Jeff Squyres jsquyres at open-mpi.org
Thu Dec 1 17:49:25 MST 2005


On Nov 23, 2005, at 6:59 AM, Jeff Squyres wrote:

>>> 3. If you tm_spawn() something that fails to launch properly (e.g.,
>>> file not found on the remote node), there is no error notification 
>>> sent
>>> back to the process that invoked tm_spawn().
>>
>> $ pbsdsh -c 1 lkjahdsfljahdf
>> pbsdsh: task 0 exit status 254
>>
>> $ pbsdsh -c 2 lkjahdsfljahdf
>> pbsdsh: task 0 exit status 254
>> pbsdsh: task 1 exit status 254
>
> I was quite definitely running into this problem with our TM launcher 
> in Open MPI.  I don't have time at the moment (am catching a flight in 
> a few hours), but I'll try to replicate it next week and send more 
> details.

SC and the US Thanksgiving holiday are over, and I've [somewhat] 
managed to dig out from the mound of work that accumulated over the 
two, so I am now able to return to attempting to replicate this error.

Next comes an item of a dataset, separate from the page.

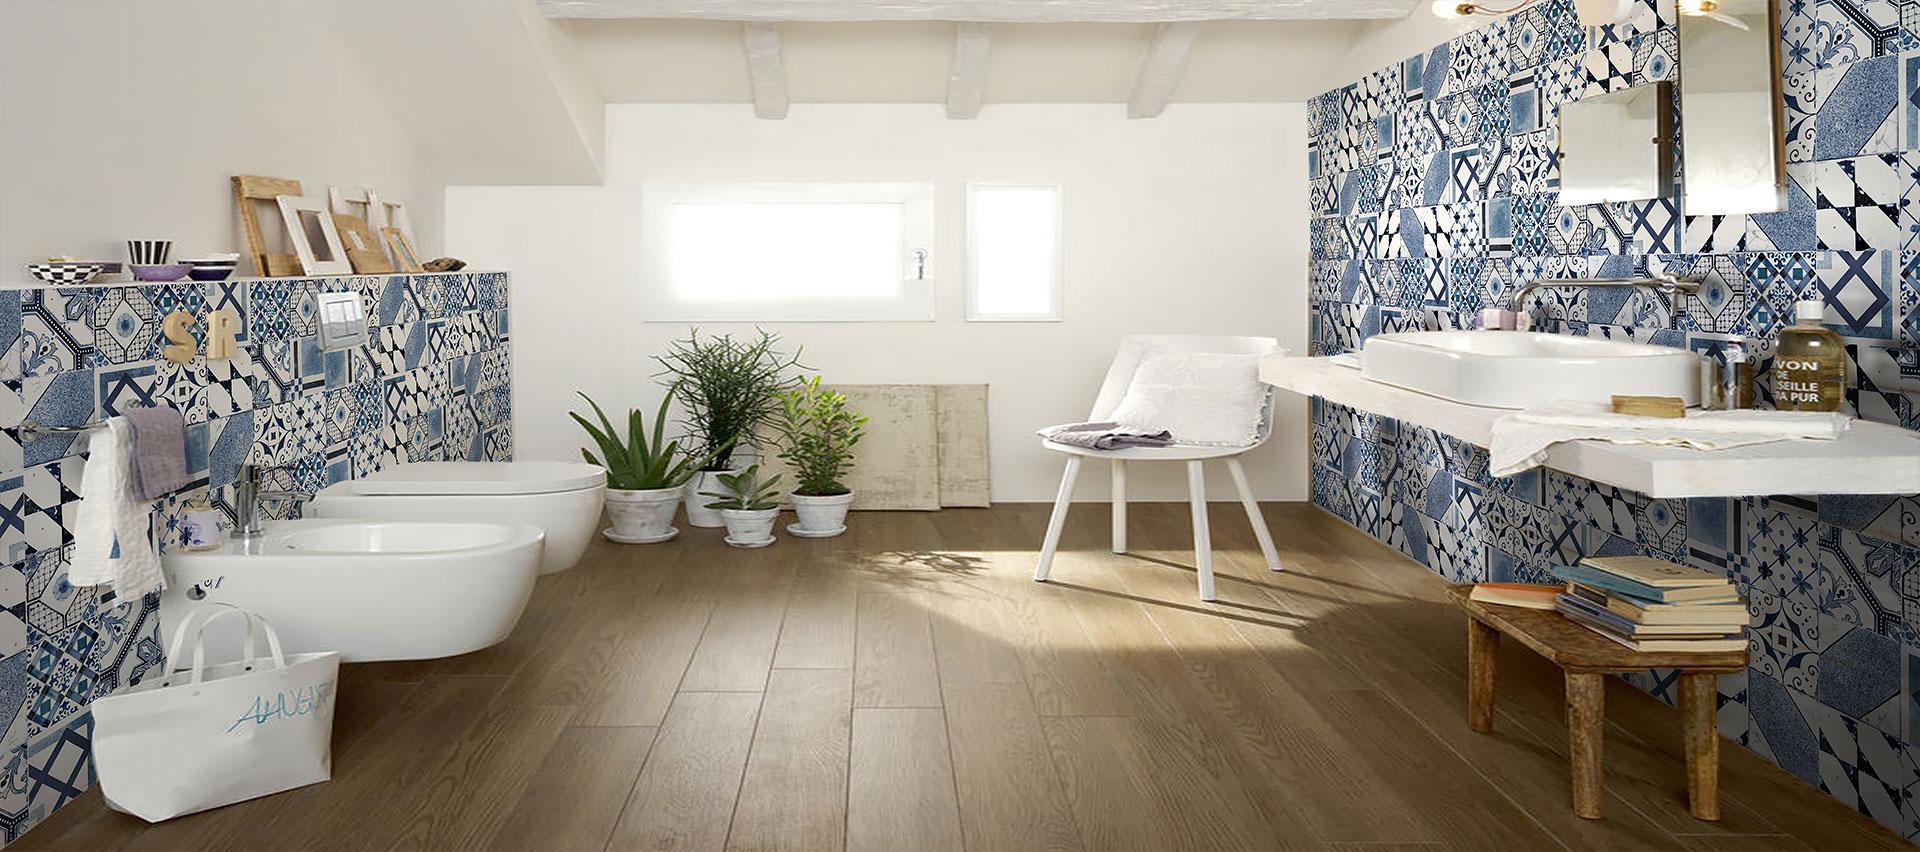 maiolica-mix-blue-mediterranean-tile-floor-bathroom-wall

I think I see the disconnect between what I am saying and what you are 
reporting.  Specifically note that in your example, pbsdsh did *not* 
report "executable not found" -- it just said that the task exited with 
status 254.

With that in mind, here's a trivial program that shows what I'm saying 
(you'll notice something wrong with it, but bear with me):

-----
#include <stdio.h>
#include <tm.h>

extern char **environ;

void do_check(int val, char *msg) {
     if (TM_SUCCESS != val) {
         printf("ret is %d instead of %d: %s\n", val, TM_SUCCESS, msg);
         exit(1);
     }
}

int main(int argc, char* argv[])
{
     int ret, local_err;
     struct tm_roots tm_root;
     tm_event_t event;
     tm_node_id node_id;
     tm_task_id task_id;

     /* attach */
     ret = tm_init(NULL, &tm_root);
     do_check(ret, "tm_init failed");

     /* do a spawn */
     node_id = 0;
     task_id = 0xdeadbeef;
     event = 0xdeadbeef;
     ret = tm_spawn(argc - 1, argv + 1, environ, node_id, &task_id, 
&event);
     do_check(ret, "tm_spawn_failed");
     printf("Got task id: %x, event %x\n", task_id, event);

     /* poll for it */
     event = 0xdeadbeef;
     local_err = 0xdeadbeef;
     ret = tm_poll(TM_NULL_EVENT, &event, 1, &local_err);
     do_check(ret, "tm_poll failed");
     printf("event is now: %x, local_err is %x\n", event, local_err);

     /* detach */
     tm_finalize();

     return 0;
}
-----

Here's a sample compile and run:

-----
[18:17] eddie:~/tmp % gcc tm_test.c -I /opt/torque/include -L 
/opt/torque/lib -lpbs -o tm_test && ./tm_test /bin/echo hello there
Got task id: deadbeef, event 2
hello there
event is now: 2, local_err is 0
[18:17] eddie:~/tmp %
-----

That's all fine and good, because I spawned "/bin/echo hello there".  
Indeed, you can see the output of it interspersed in my text.  But what 
if we try something stupid?

-------
[18:17] eddie:~/tmp & ./tm_test totally_bogus_name
Got task id: deadbeef, event 2
event is now: 2, local_err is 0
[18:17] eddie:~/tmp %
-------

Nothing told me that the spawn failed.  tm_spawn() returned TM_SUCCESS, 
which makes perfect sense: I assume that tm_spawn() is simply sending a 
message to a MOM telling it to spawn -- kind of an asynchronous version 
of fork() and exec() combined into one, right? -- and the sending of 
the message was successful.  tm_poll() then tells me that event 2 has 
finished (i.e., the spawn event) and returned TM_SUCCESS as well, which 
also makes sense because the poll itself was successful.  *But 
local_err was returned as 0.*  To me, that indicates that the spawn was 
successful.

Indeed, looking carefully at the PSCHED API document, it makes the 
following statements:

- For tm_poll: (p5, starting line 21) "If a delayed error has occurred 
associated with the returned event, tm_errno is set to the error code."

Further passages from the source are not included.